I want to make a coin cell powered arduino(Wemos D1 mini actually) project.
The device has to power on by a button press, do something, then power down untill the button is pushed again.
I did some research and came across the following tutorial.
In this tutorial there are two options:
Supply power to the Wemos directly, after the action is complete, put the Wemos to deep sleep and use the (onboard) reset button to restart it.
Use a button to complete the circuit and provide power to the wemos. Downside is that you have the keep pressing the button till the action is complete.
I was thinking off adding a third option. And I wonder if it is feasable. I have added a schematic.
pls don't mind the values of the components.
The battery will be a coin cell (3v), the capacitor is a 3.3F (The battery can not provide sufficient Amps to deal with the spike when connecting to wifi.)
I added a transistor. When the button is pushed the transistor enables the Wemos D1 to get power.
At the start of the Sketch, I set GPIO D8 to HIGH.
This will keep the transistor in the conducting state. You won't have to hold the button down anymore. Once the action is complete. Set GPIO D8 to LOW which will cut the power to the Wemos.

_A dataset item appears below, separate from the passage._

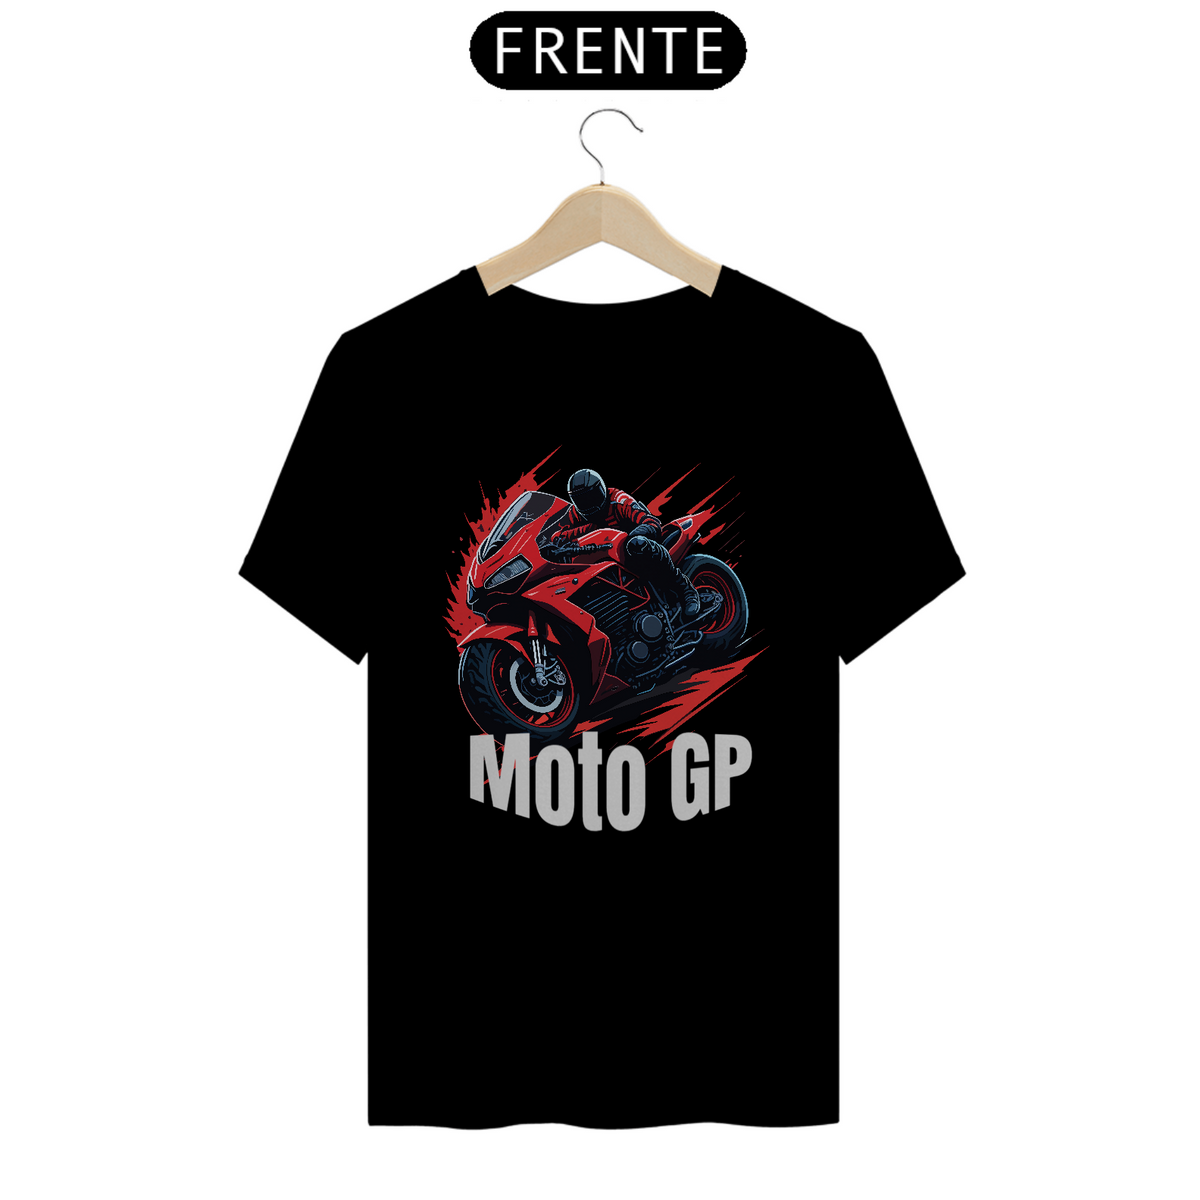 Nome do produto: Moto GP

I think I will have to throw in an extra diode in series with R2 and calculate the right Resistor values.
Could something like this work?
(Or another question: Can I hook it up like this to see if it works? Or will I break something?)
Google recommends me to use a mosfet instead of a transistor to get a lower voltage drop.
Is my understanding correct that I should use a MOSFET with VGS(th) larger than the gatevoltage (in this case 3.3v (from the GPIO pin) minus the voltage drop of the diode?) So this will be 2.6v minimum.
And Rds ON will have to be as low as possible.
Would something like that work?
For example: VGS(th) = 1v
RDS ON = 1 Ohm (perhaps even smaller?)
The other thing is that when the power is removed before the shutdown is completed the outputs switch off. This messes up the turn off. One way round this is to use an RS flip flop to drive the FET.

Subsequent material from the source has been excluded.